Aggression in Notaufnahmen – ein wachsendes Problem

Neben organisatorischen Fragen widmete sich der Kongress auch dem Umgang mit Gewalt und Aggression im Klinikalltag. Die Notfallmedizinerin Sylvia Schacher, Leiterin der Notaufnahme im GFO-Klinikum Engelskirchen, erklärte, dass solche Situationen häufig aus Angst entstehen.

„Notaufnahme und Rettungsdienst sind für Patienten Stresssituationen“, sagte Schacher. „Menschen reagieren auf Stress und auf Dinge, die ihnen Angst machen, häufig mit Wut und Aggression.“

Um Eskalationen zu vermeiden, sei Kommunikation entscheidend. „Wenn wir es schaffen, den Patienten im Vorfeld Sicherheit zu vermitteln und Klarheit über die Abläufe zu schaffen, können wir viele Situationen schon entschärfen.“

Gleichzeitig brauche es aber auch strukturelle Schutzmaßnahmen für das Personal. Dazu gehören beispielsweise sichere Rückzugsräume oder Notrufsysteme in den Behandlungsbereichen.
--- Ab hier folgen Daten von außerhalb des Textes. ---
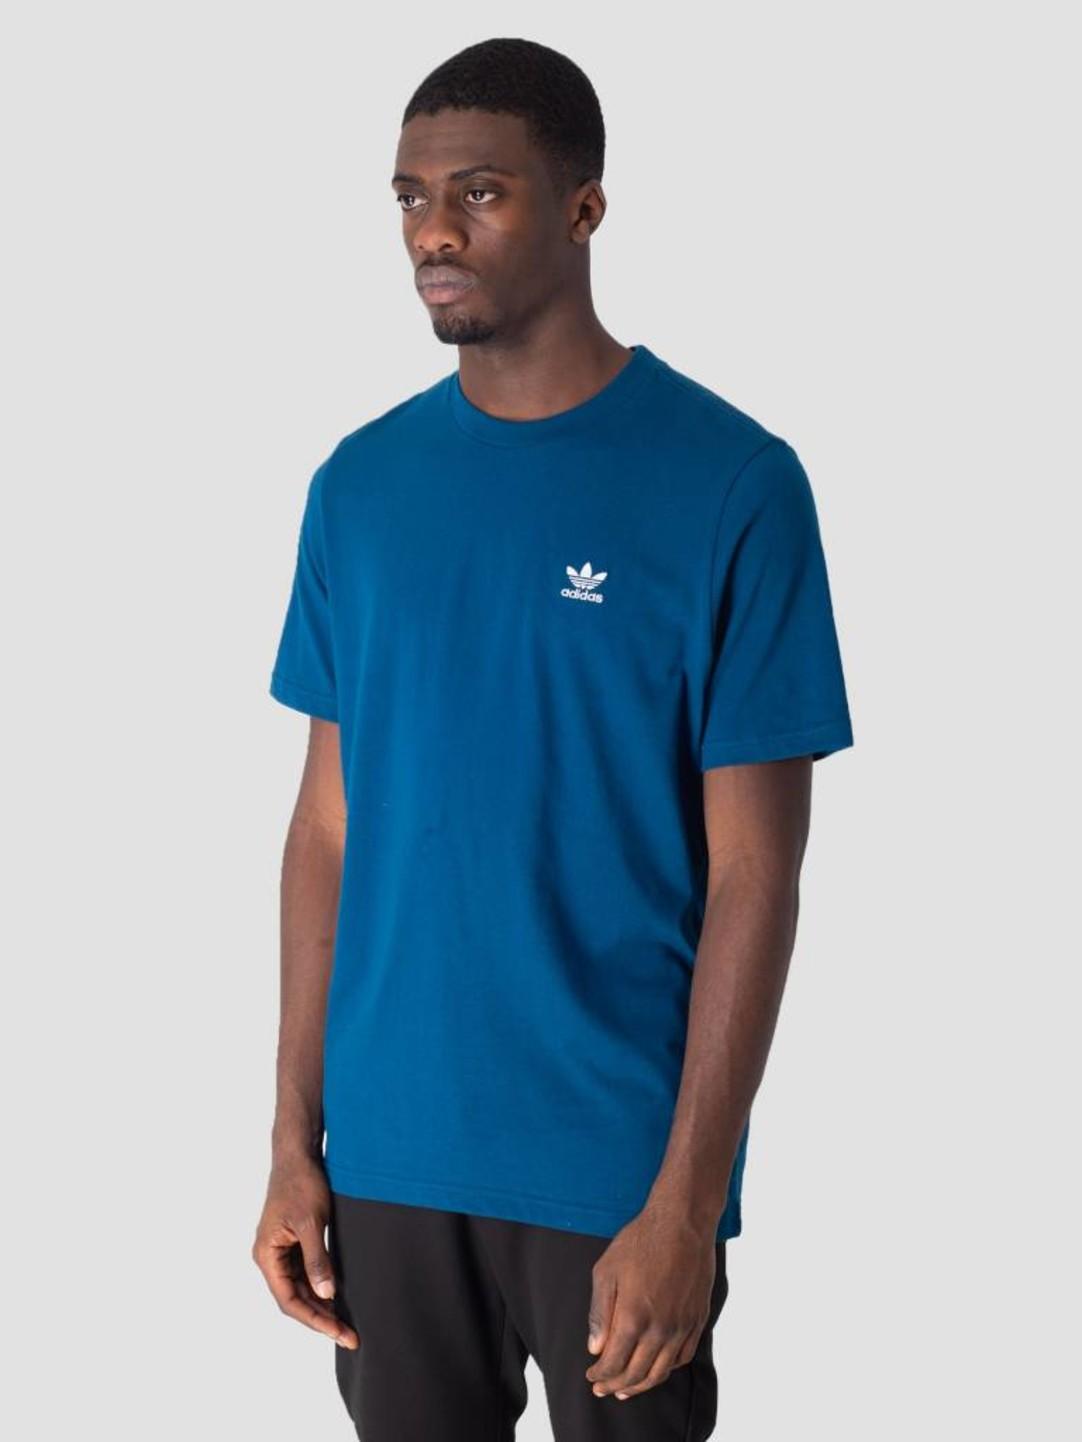 7f3231fb6 adidas Monogram T-Shirt Legmar DV2025 | FRESHCOTTON
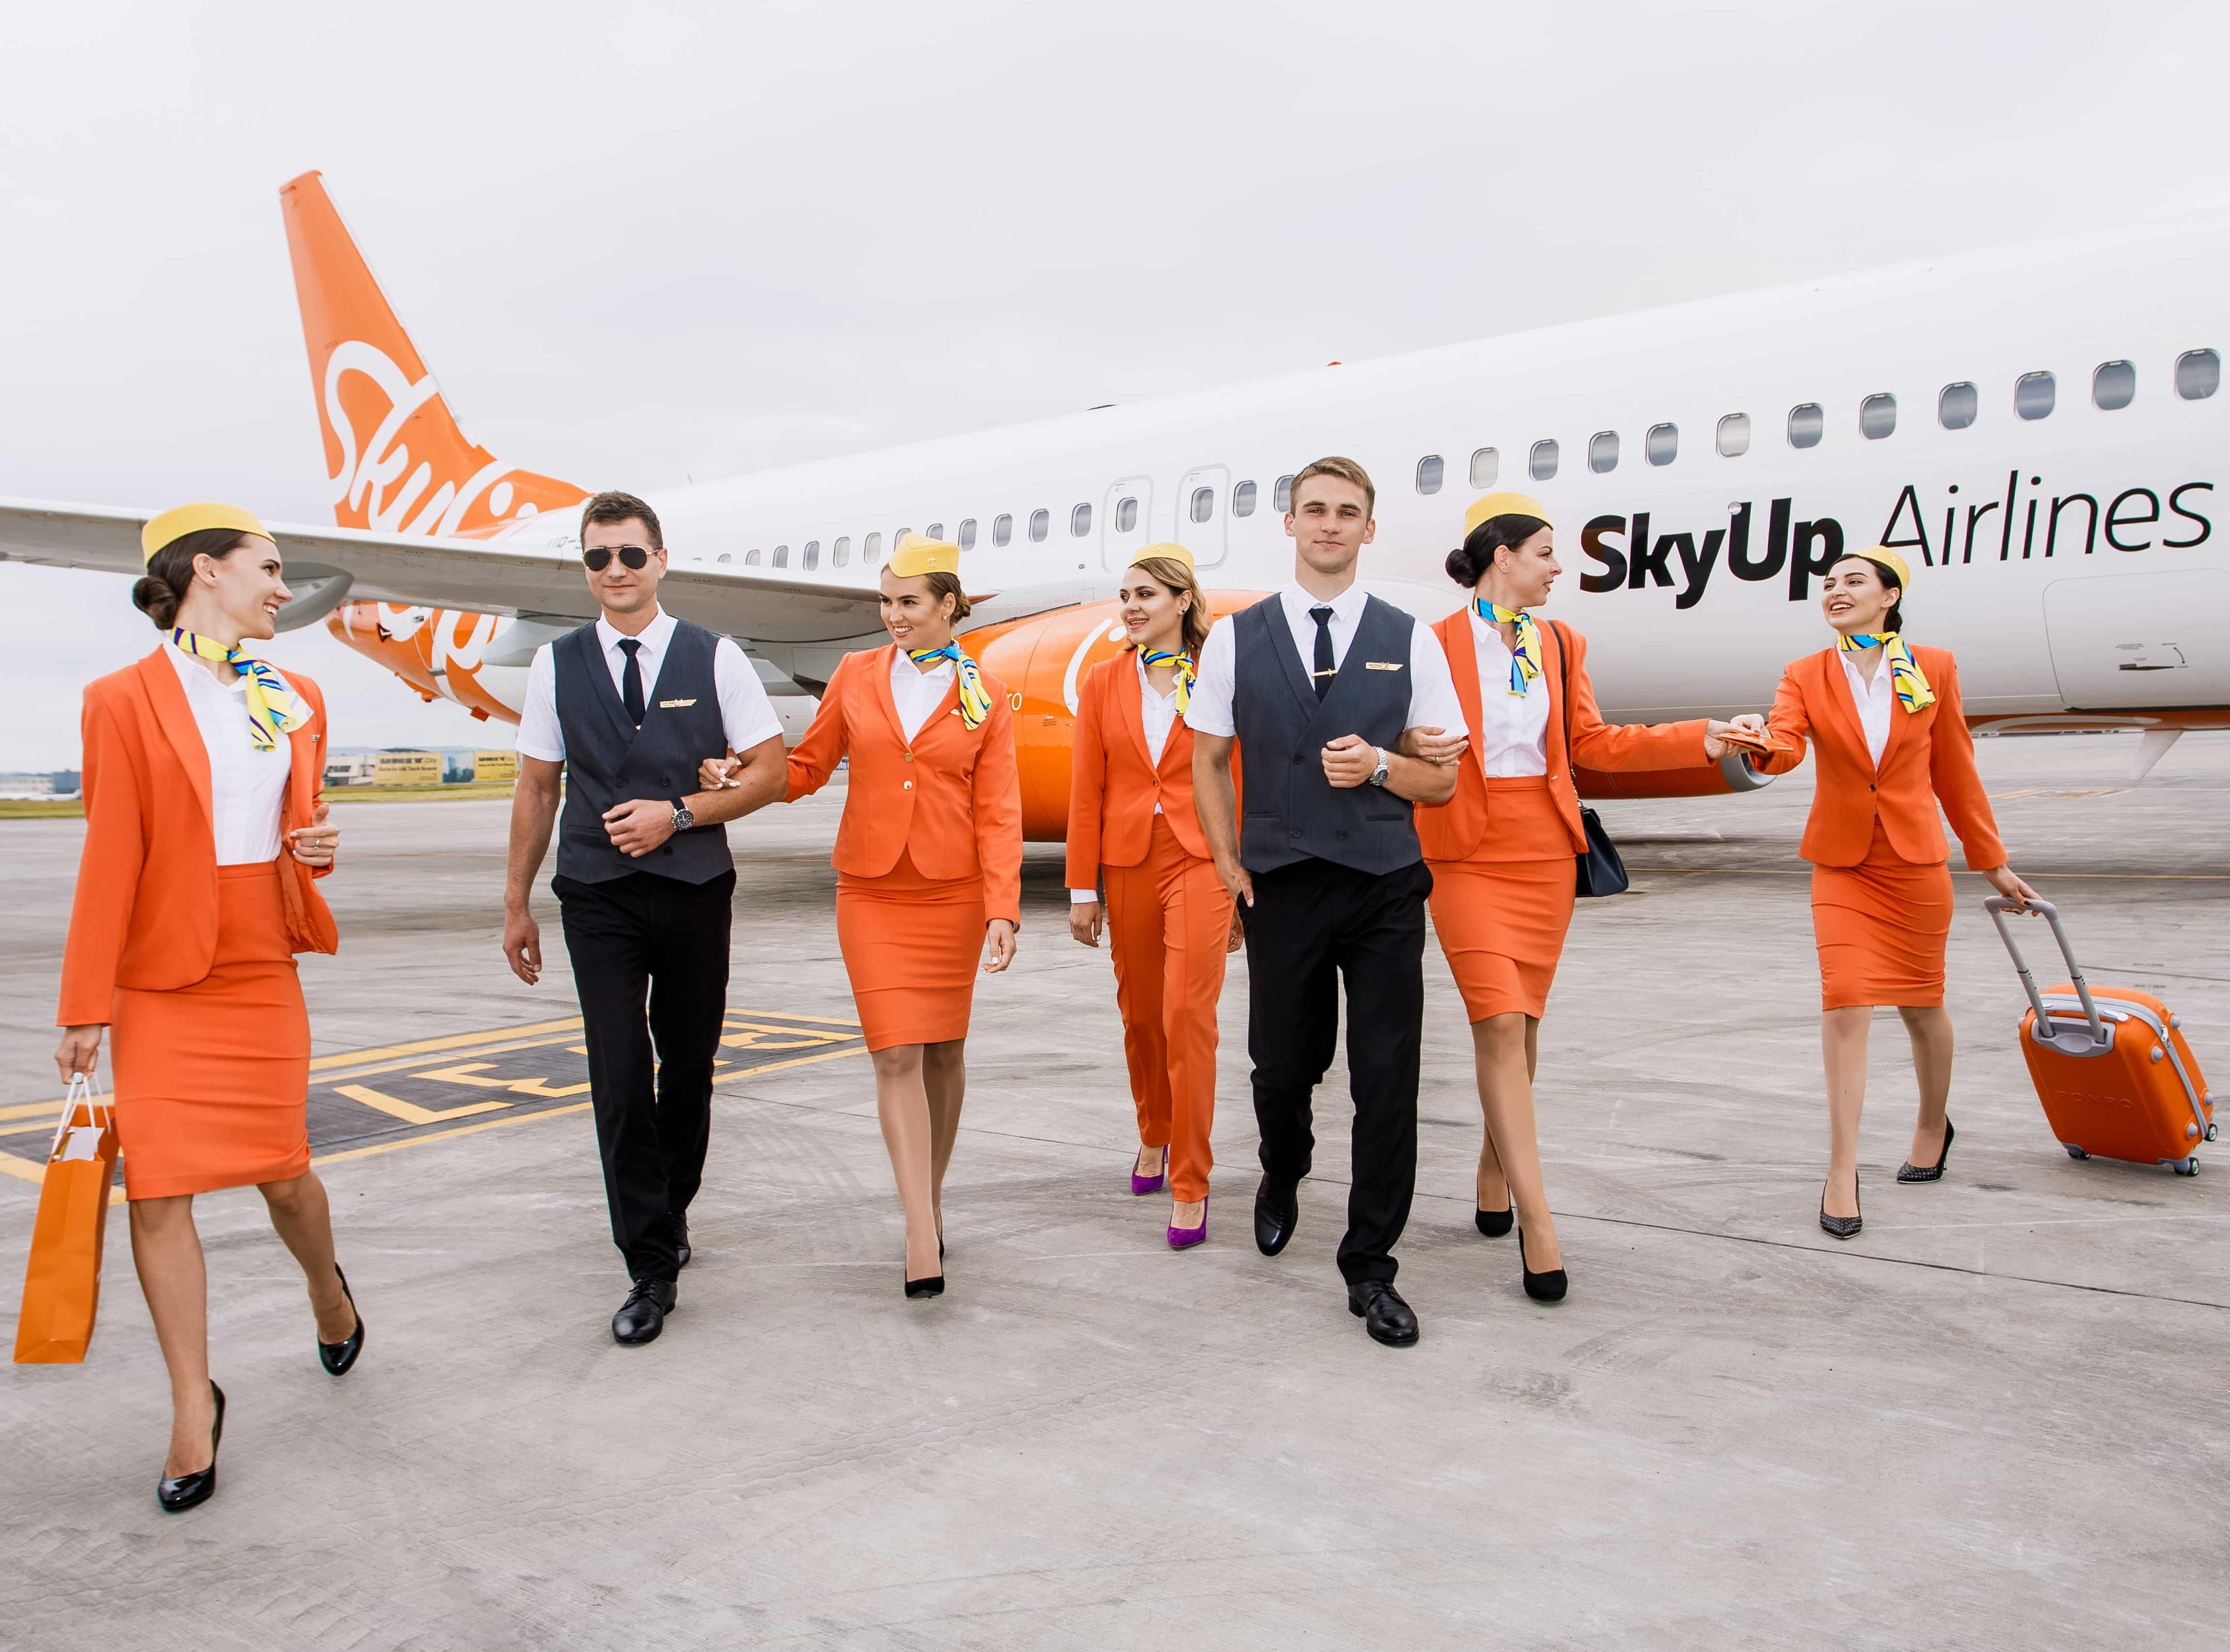 harkove-welcome-u-aboard-zaproshuyemo-bortprovidnikiv-ta-pilotiv-na-znajomstvo-zi-skyup-airlines

Organisation, Technik und neue Versorgungswege

Der Kongress machte deutlich, dass die Zukunft der Notfallmedizin nicht nur von medizinischen Innovationen abhängt. Ebenso wichtig sind organisatorische Veränderungen, digitale Unterstützungssysteme und eine bessere Verzahnung verschiedener Versorgungsbereiche.

Viele Fachleute sind sich einig: Nur wenn Rettungsdienst, ambulante Versorgung, Pflege und Kliniken enger zusammenarbeiten, lässt sich die steigende Nachfrage langfristig bewältigen. Veranstaltungen wie der DINK bieten dafür eine wichtige Plattform – um Erfahrungen auszutauschen, neue Konzepte zu diskutieren und gemeinsame Lösungen zu entwickeln.